All Ages (PreK-Adult)

  • A Brief Tour of the Universe (New! Program available now, write up coming soon) Inside the computerized planetarium, audiences are immersed in a 360º view of the sky while discussing different cultures' interpretations of the stars, exploring the moon's phases, zooming in on the planets and venturing into deep space before returning to Earth. (This program encompasses some elements of other lesson plans listed below.)
  • The Sky Tonight (New! Program available now, write up coming soon)This program focuses on the current evening sky, including prominent constellations, moon phases and visible planets. We will also study significant astronomical events in the days and weeks ahead.
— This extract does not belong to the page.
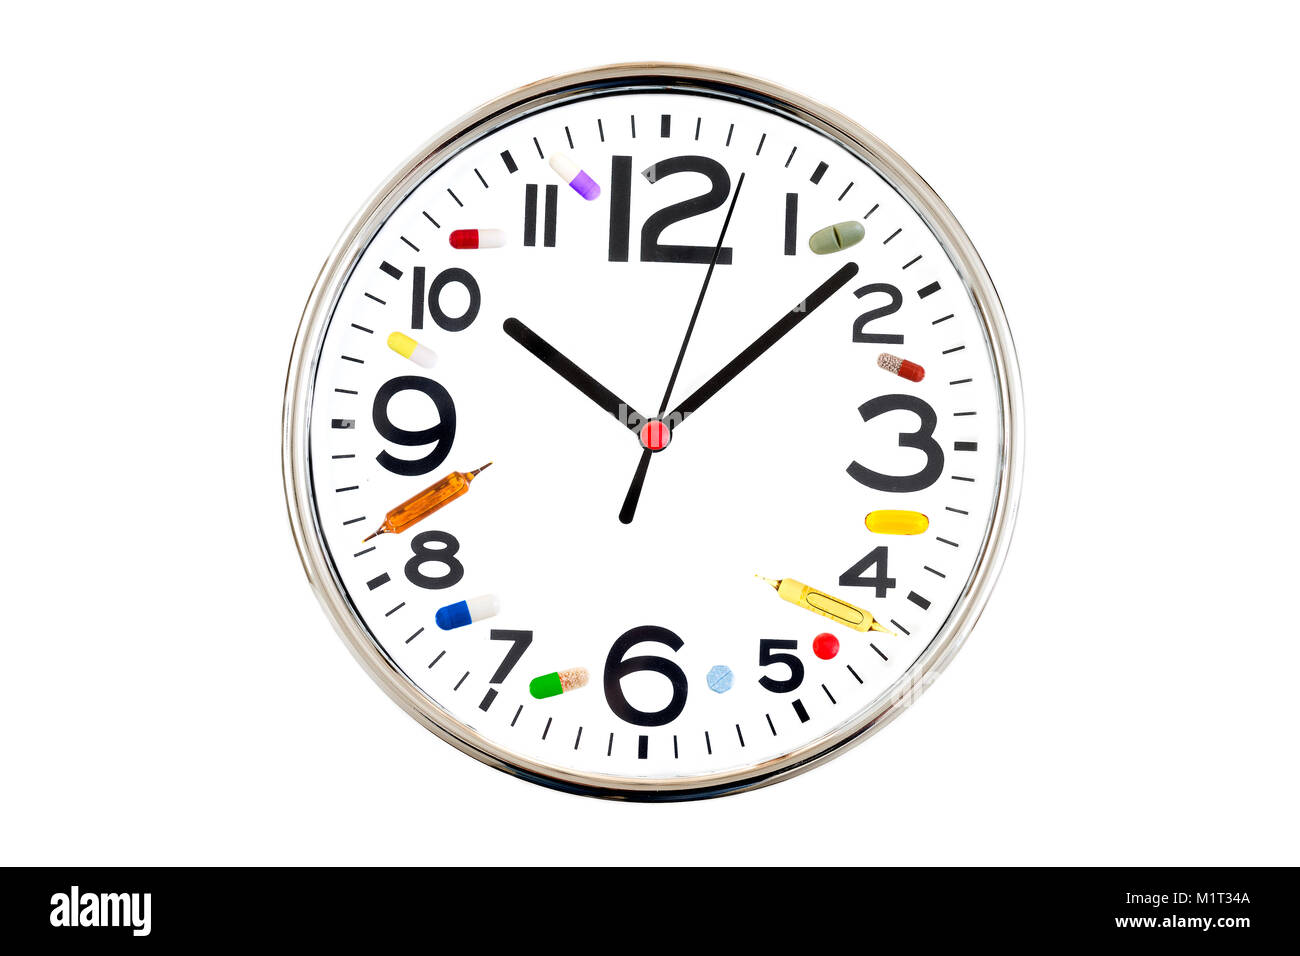 Concept de prendre des médicaments à temps . Horloge analogique avec différents numéros à côté de médecine faite à partir de différents comprimés, capsules, comprimés, ampoules et médicinales sur fond blanc Banque D'Images
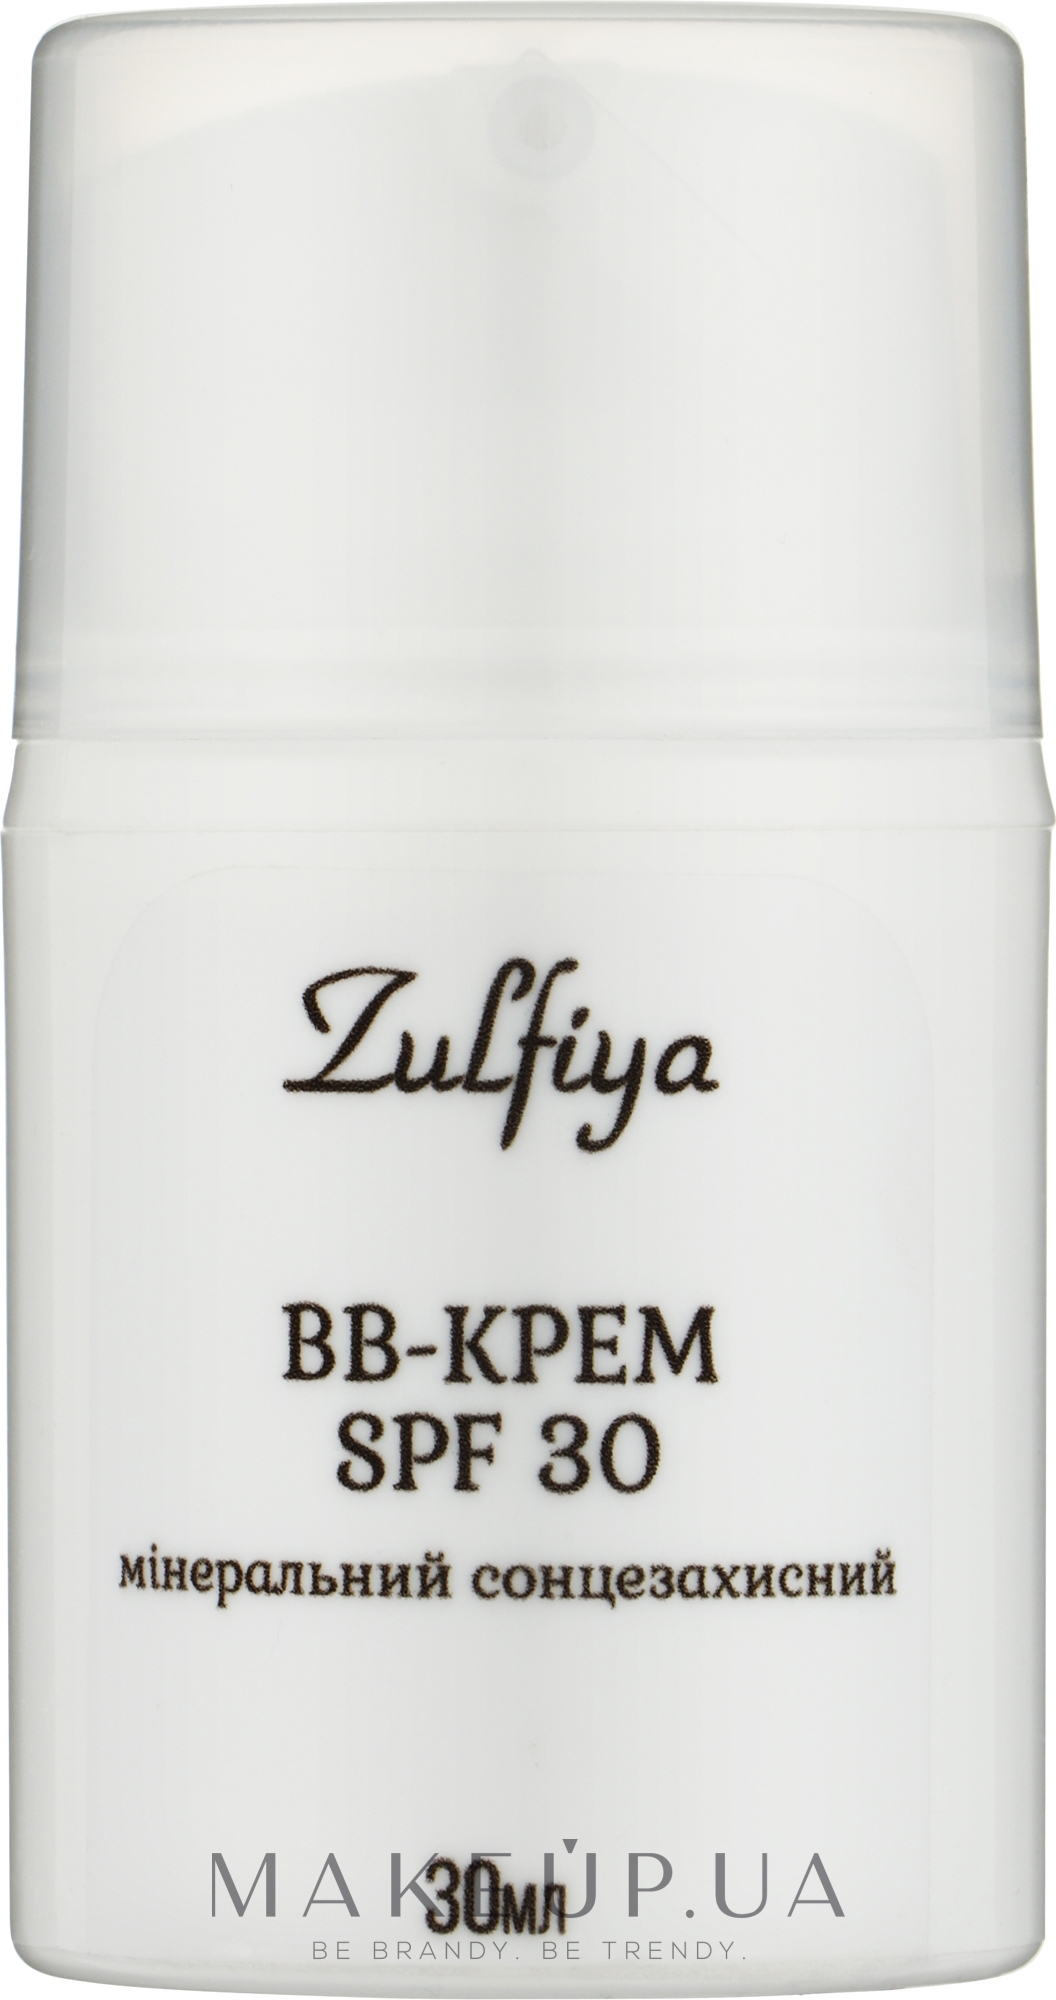 Мінеральний сонцезахисний BB-крем для обличчя (SPF 30) - Zulfiya — фото 30g

This program is well suited to short programs shown multiple times throughout a day or evening such as during "Space Day" or "Star Party" events.
  • The Star of Bethlehem (New! Program available now, write up coming soon)In this Christmas-themed program, we'll travel back in time and across the world to examine both the faith-based and scientific evidence for the "Star of Wonder" that announced the birth of a very special baby.
  • Voyage to the Moon (New! Program available now, write up coming soon) This program focuses on Earth’s nearest neighbor. First, the Moon’s phases will be discussed. Then still images and video clips will be used to look back at the first Moon landing. Finally, audience members will experience a unique perspective - viewing Earth from the Moon.

Grades K-2

  • Moving Right Along (RTF) is an introduction to Earth's rotation and revolution and how those movements affect our view of the sky.
  • Sky Stories (RTF) introduces students to the pictures and stories of some Greco-Roman constellations, as well as reasons why constellations were created.
  • What's Up? (RTF) explores what we can see in the sky (stars, planets, the moon) and differences between those objects.

Grades 3-5

  • Moons of the Solar System (RTF) (NEW!) explores differences between planets and moons, and introduces students to major moons of the solar system.
  • Planets (RTF) explores the differences between stars and planets, how we can recognize a planet in the night sky, and planetary motion (prograde and retrograde).
  • Star Quest (RTF) introduces some Greco-Roman constellations; students also learn to use star maps to find the pictures in the sky.
  • StellarLunar (RTF) explores stars, constellations, and the phases of the moon. Students learn what causes the phases and the name of each phase as they model the earth, moon, and sun system.

Grades 4-8

  • The Astronomy of Lewis & Clark (New! Program available now, write up coming soon) discusses the journey of the Corps of Discovery and their two year mission to explore the Louisiana Purchase. The techniques and instruments used to chart their course are illustrated and the skies as seen by the explorers are shown in the planetarium.

Grades 6-8

  • Mars (RTF) (NEW!) explores how to recognize the Red Planet in the sky, what makes Mars interesting, and past and future exploration missions to this planet.
  • Stellar Navigation (RTF) , written for the northern hemisphere, introduces students to the idea of navigating by the stars. Students learn to use stars to determine latitude and compass points, and observe how our location on Earth affects our view of the sky.
  • Solstice and Equinox (RTF) explores the relevance of solstices and equinoxes, including how they relate to the seasons we experience.
  • World in Motion (RTF) explores what is in motion in our solar system, that Earth's movements give us the day and the year, that gravity keeps planets in orbit around the sun and the moon in orbit around the earth, how to recognize a planet in the night sky, and prograde and retrograde planetary motion.

Grades 9-12

  • Astrology: Fact or Fiction (RTF) debunks astrology, explores the differences between science and pseudoscience, introduces students to the ecliptic and precession, and explains how and why the zodiac signs were created.
  • How do we Know? (RTF) explores how we know what we know about our universe by looking at developments in three major eras: Greco-Roman times, the 17th century, and the late 19th century to today.
  • Hubble Space Telescope (RTF) explores why the Hubble Space Telescope is in space, as well as several discoveries it has made.